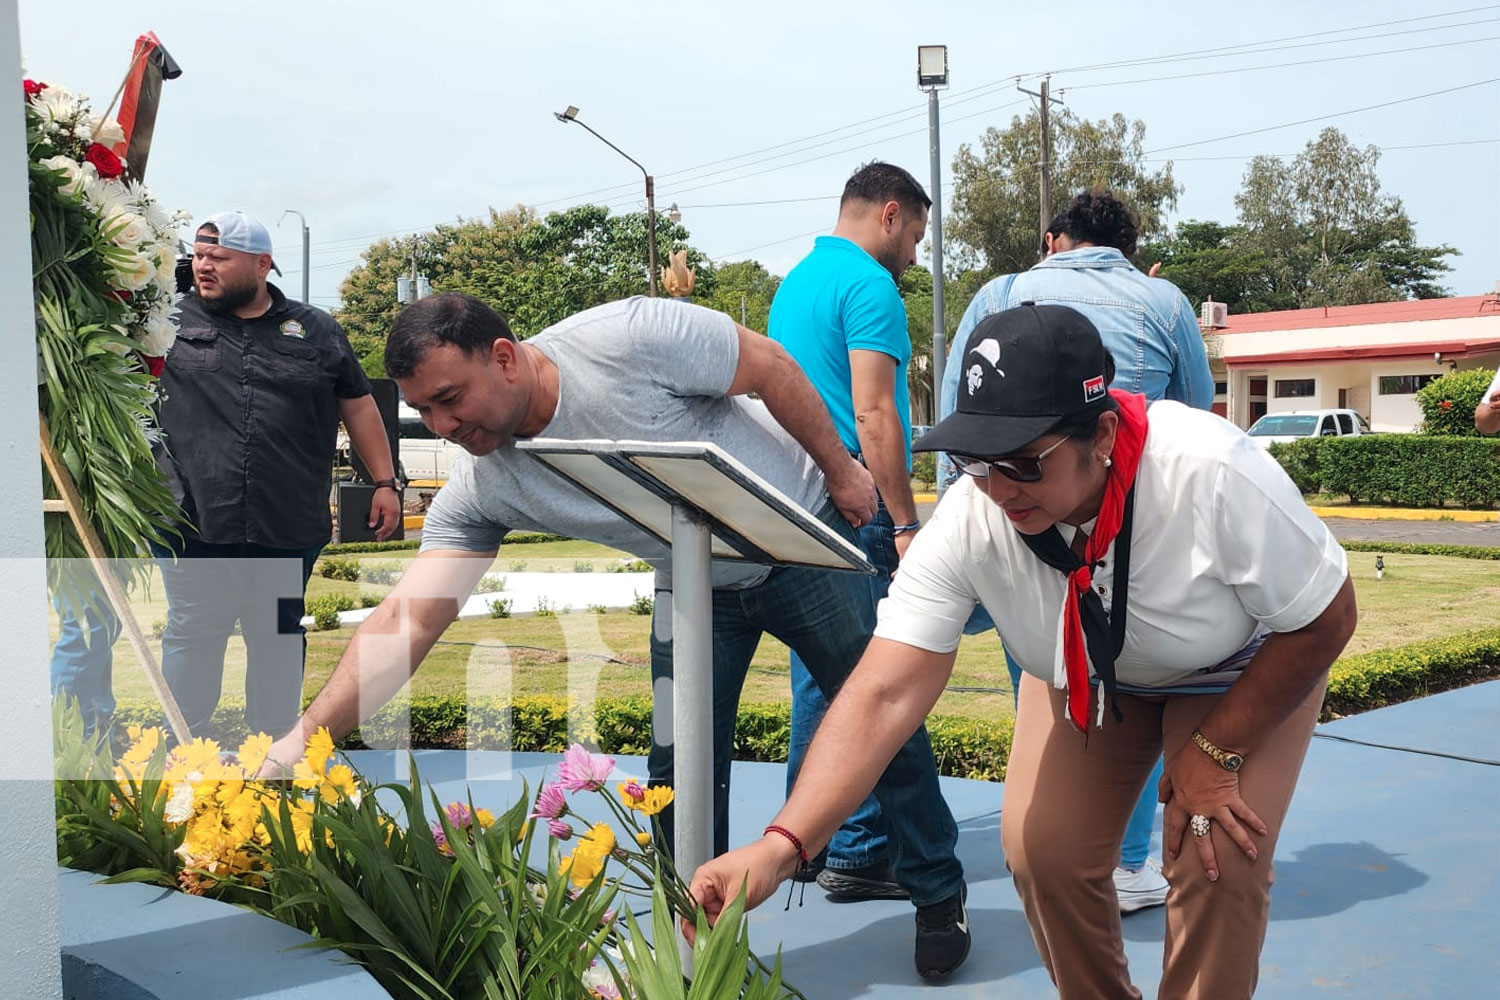 Foto: Diferentes municipios del país conmemoran el natalicio del Comandante Carlos Fonseca Amador
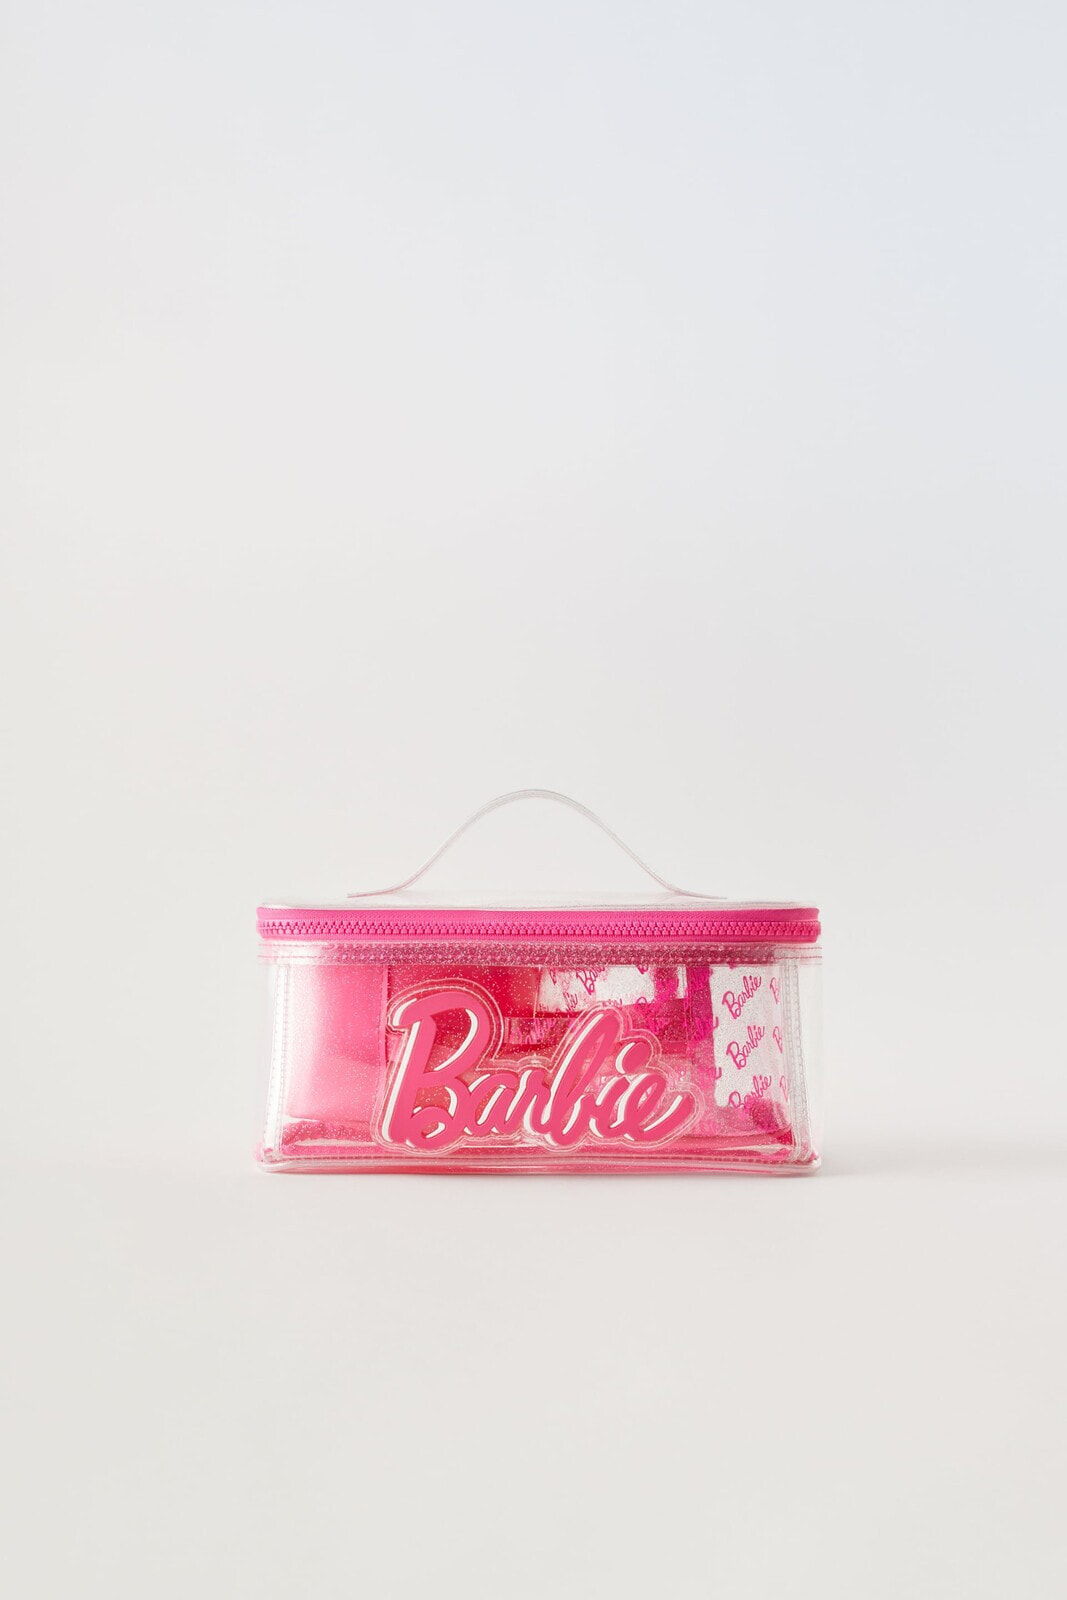 Barbie™ vinyl toiletry bag pack
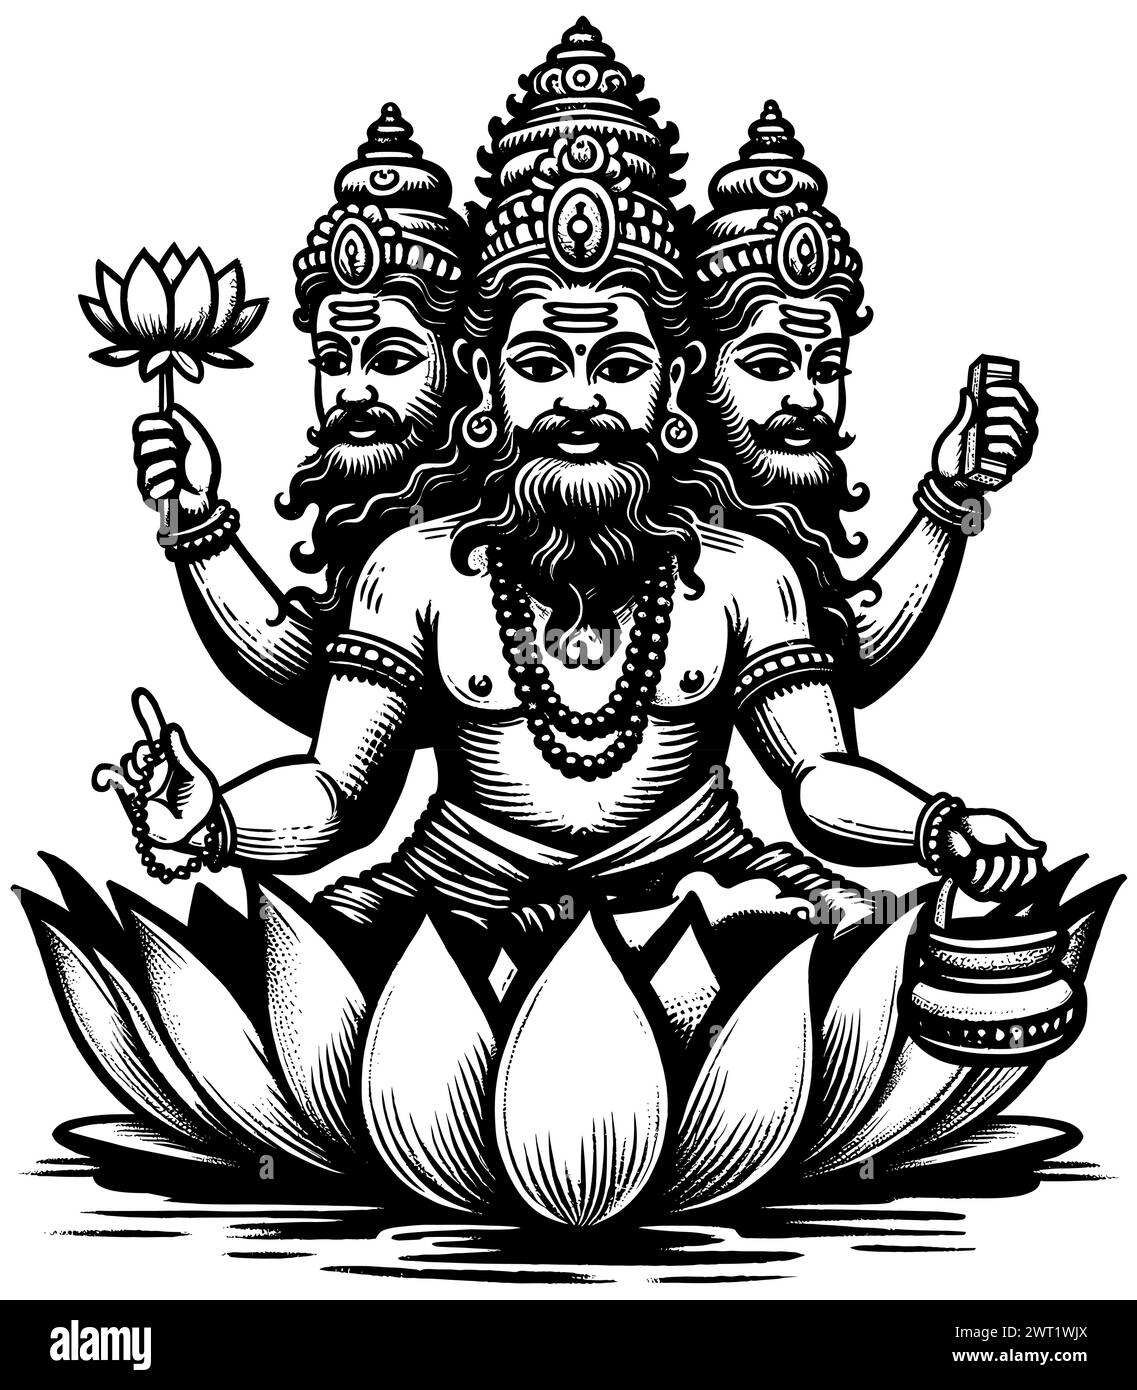 Holzschnitt-Illustration des hinduistischen Gottes Brahma auf weißem Hintergrund. Stock Vektor
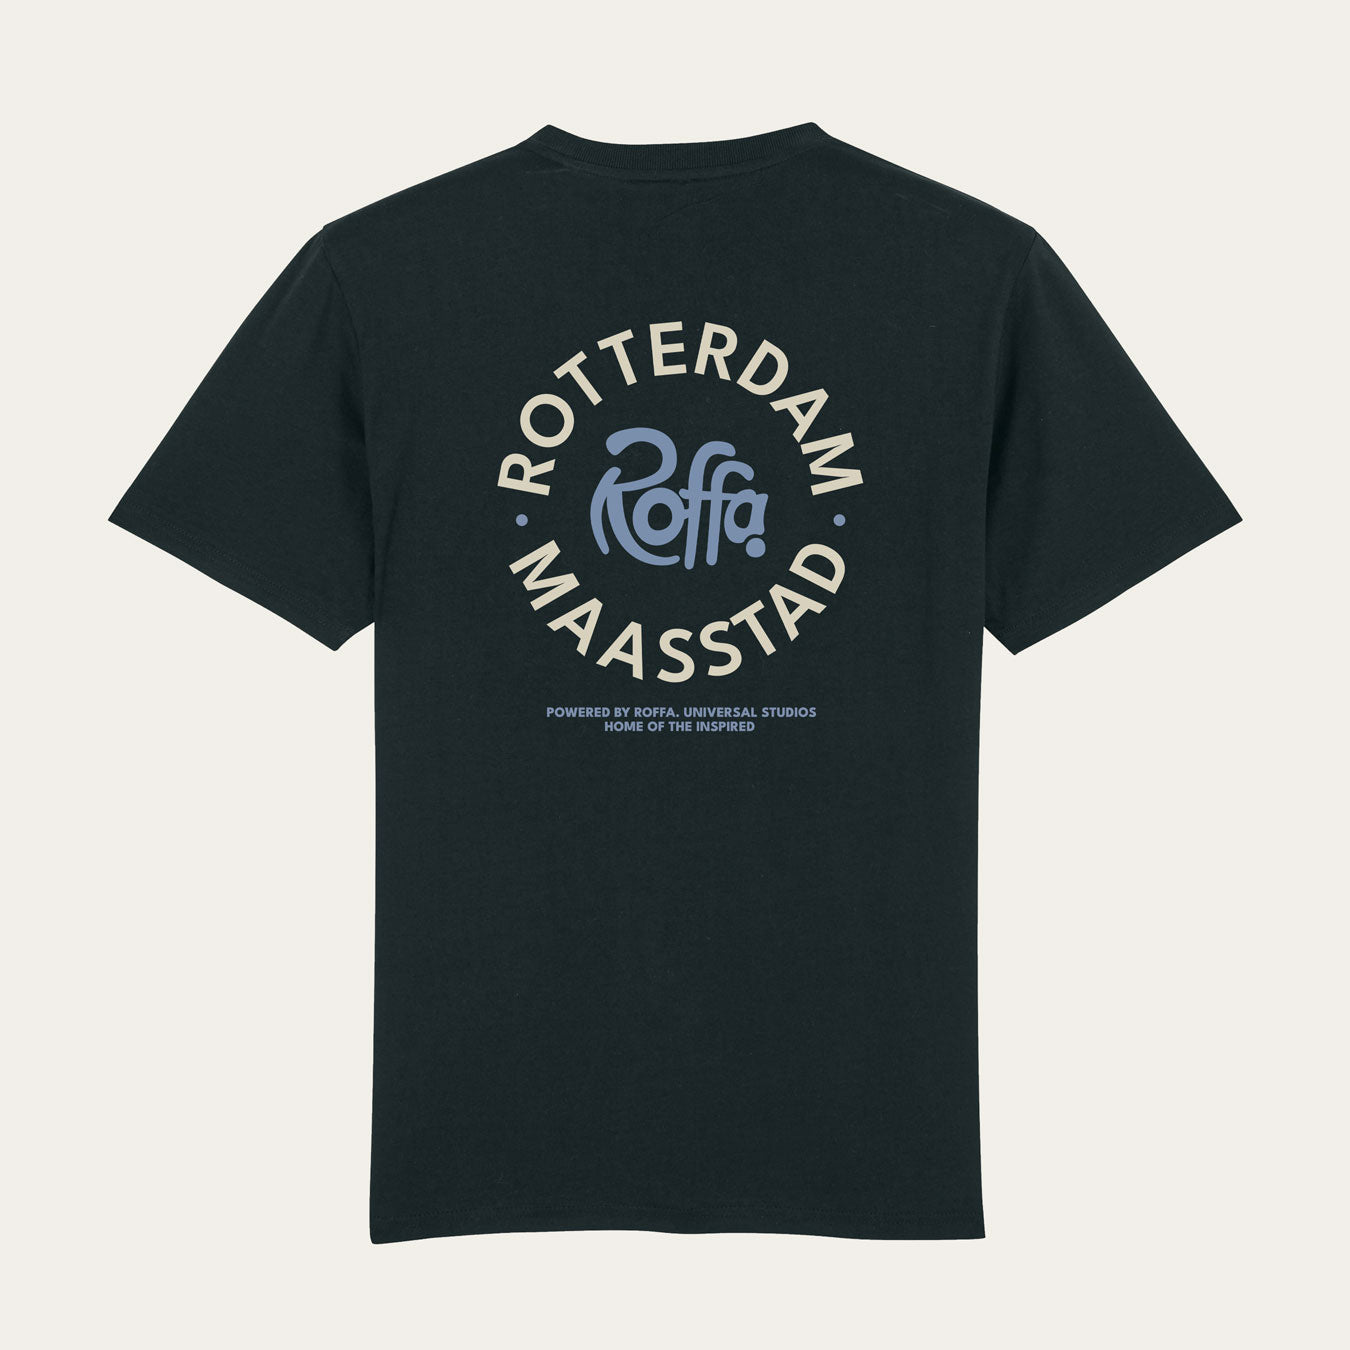 Zwart t-shirt met een rond Roffa en rotterdam logo

··········

Everything from the line with "Barbie™ vinyl toiletry bag pack" through the last line above should be reproduced exactly, both ends included; pictures must be omitted.

 Barbie™ vinyl toiletry bag pack
 Holzschnitt-Illustration des hinduistischen Gottes Brahma auf weißem Hintergrund. Stock Vektor
 Zwart t-shirt met een rond Roffa en rotterdam logo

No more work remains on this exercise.